Diots de Savoie et jambon sec sur une planche
Gastronomie

Charcuterie de Savoie : diots, pormoniers et jambon sec

Charcuterie de Savoie

La charcuterie de Savoie complète les fromages sur la table de montagne. Comme partout en zone d’altitude, le cochon servait à passer l’hiver : on le salait, on le séchait, on le transformait en saucisses pour ne rien perdre. De cette nécessité est née une gamme de produits typés, du jambon séché aux saucisses cuites au vin blanc.

Les diots, la saucisse emblématique

Le diot est la saucisse savoyarde par excellence. De la chair de porc hachée, parfumée à la noix de muscade, embossée dans un boyau. Il en existe des versions nature, fumées ou au chou. La façon classique de les cuisiner : les faire mijoter dans du vin blanc de Savoie avec des oignons, jusqu’à ce qu’ils soient fondants. On les sert chauds avec des pommes de terre, de la polente, des crozets ou des légumes de saison. Froids, ils se mangent aussi en sandwich.

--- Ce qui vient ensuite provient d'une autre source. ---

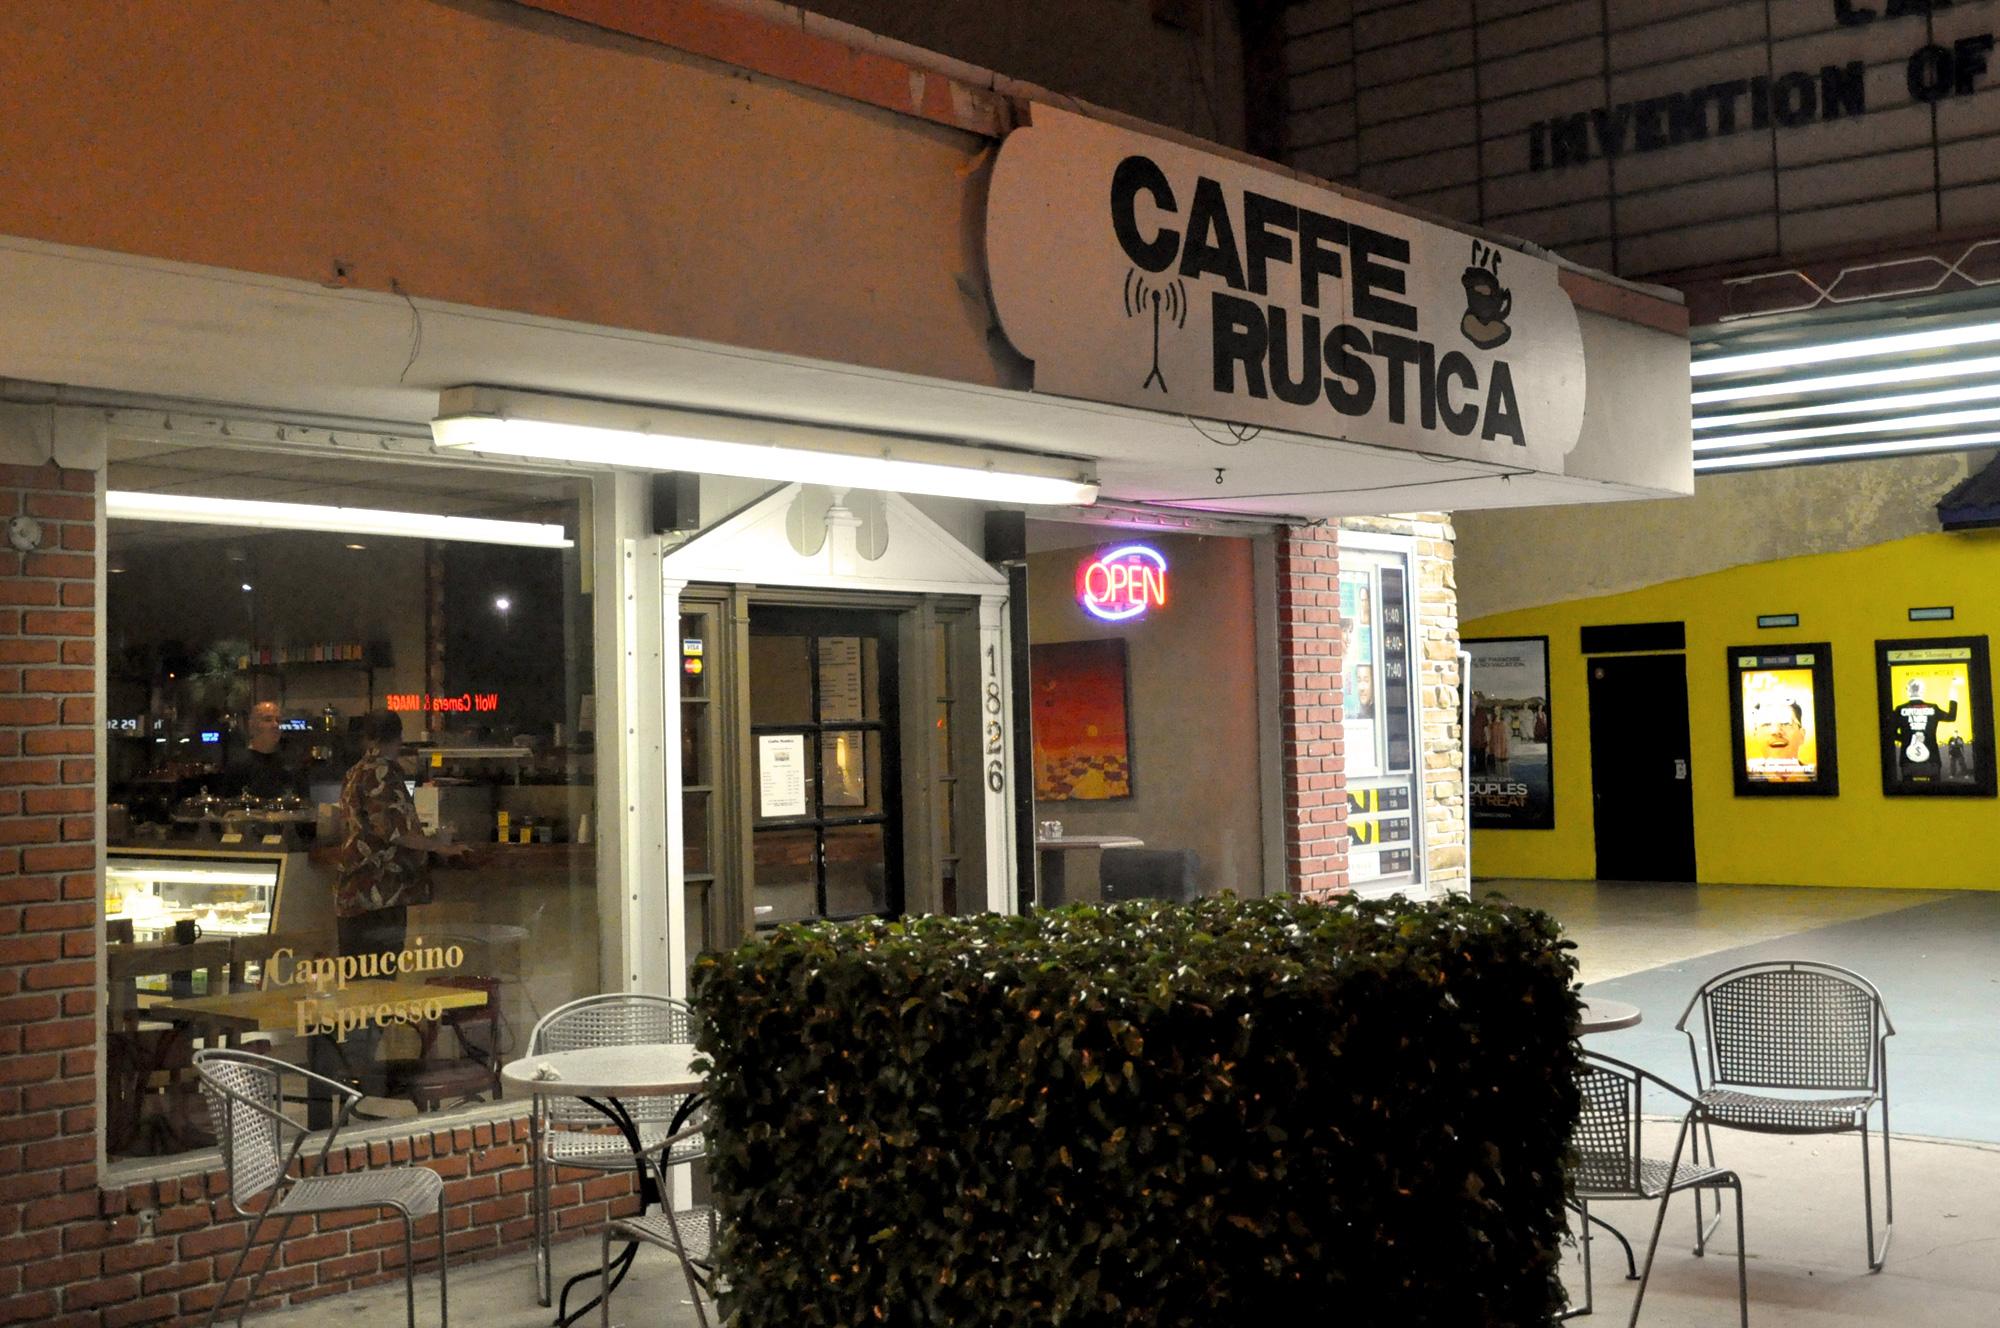 Caffe_Rustica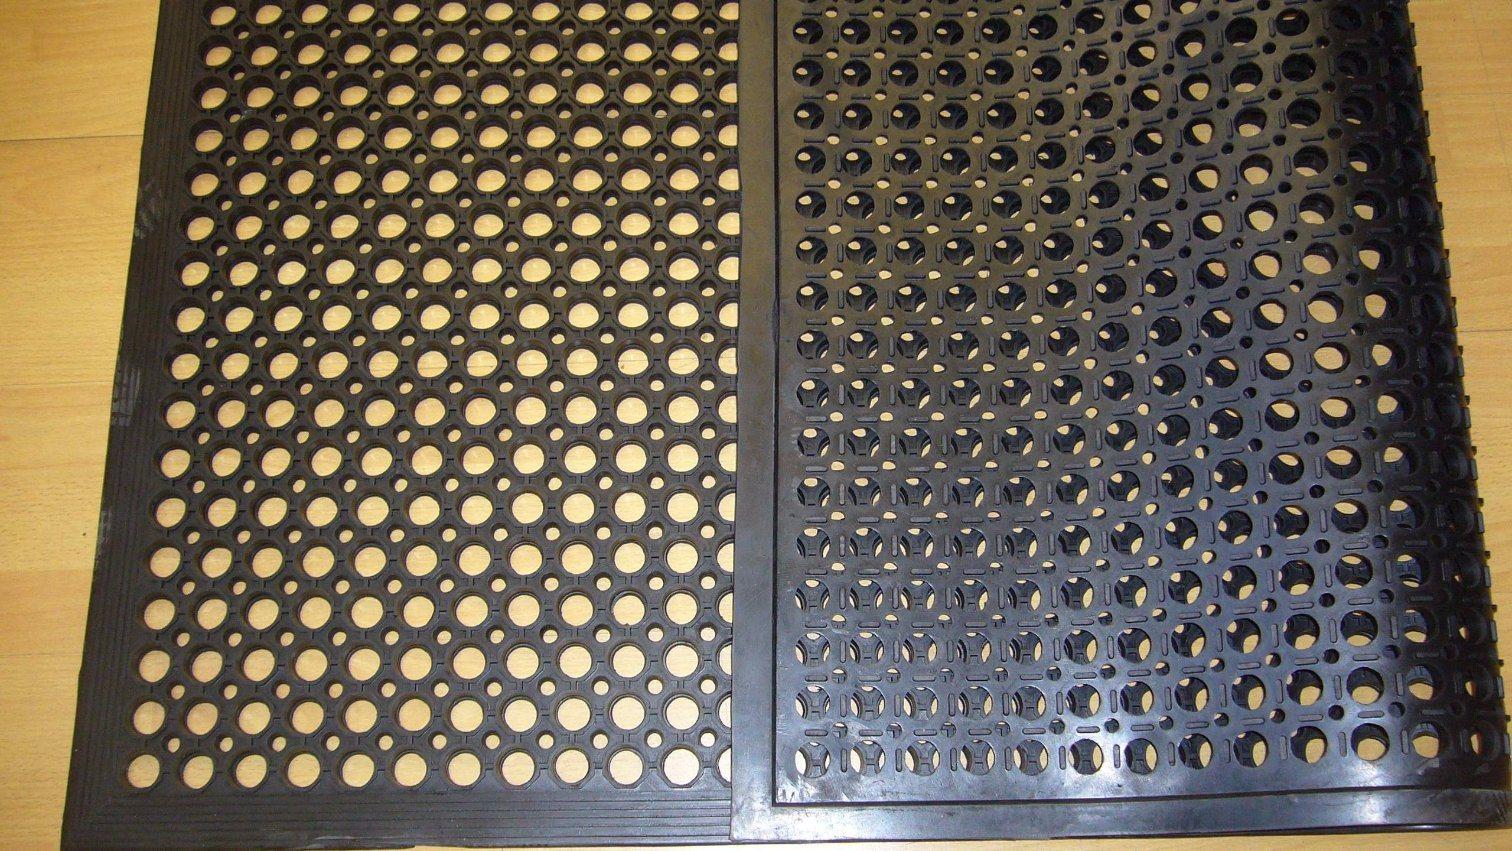 dek cactus dri mat tiles drainage floor x inch mats vinyl blue pbt pool rubber interlocking

C’est le plat de charcuterie le plus répandu de la région.

Les pormoniers, plus anciens et plus verts

Le pormonier est une saucisse plus ancienne, née d’une cuisine d’économie. On y mettait les morceaux de viande qui ne se conservaient pas séchés, mélangés à des légumes verts comme les épinards, les blettes ou les poireaux. Cela donne une saucisse plus douce et plus végétale que le diot, qui se cuisine de la même façon, au vin blanc. C’est un produit de tradition, moins courant, qu’on trouve chez les bons charcutiers de Savoie.

Le jambon sec et les saucissons

Le jambon sec de Savoie est séché en montagne, dans l’air froid et sec des vallées, ce qui lui donne un goût franc et une texture ferme. On le sert en fines tranches, à l’apéritif ou sur un plateau, et il accompagne la raclette. À côté, les saucissons et rosettes secs complètent la gamme. Ces produits de séchage demandent du temps et un savoir-faire, et restent l’apanage des charcutiers et salaisonniers locaux.

Les cuisiner et les accorder

La charcuterie de Savoie se prête à une cuisine simple et chaleureuse. Les diots et pormoniers se mijotent au vin blanc ; le jambon et les saucissons se mangent crus. L’accord naturel est un rouge de Savoie, la mondeuse en tête, dont les notes épicées répondent bien à la viande : voir Vins de Savoie. Pour replacer la charcuterie parmi les autres spécialités, voyez la page Spécialités savoyardes. On l’achète au mieux chez un charcutier de pays ou sur un marché, par exemple autour d’Annecy ou dans les vallées des Aravis.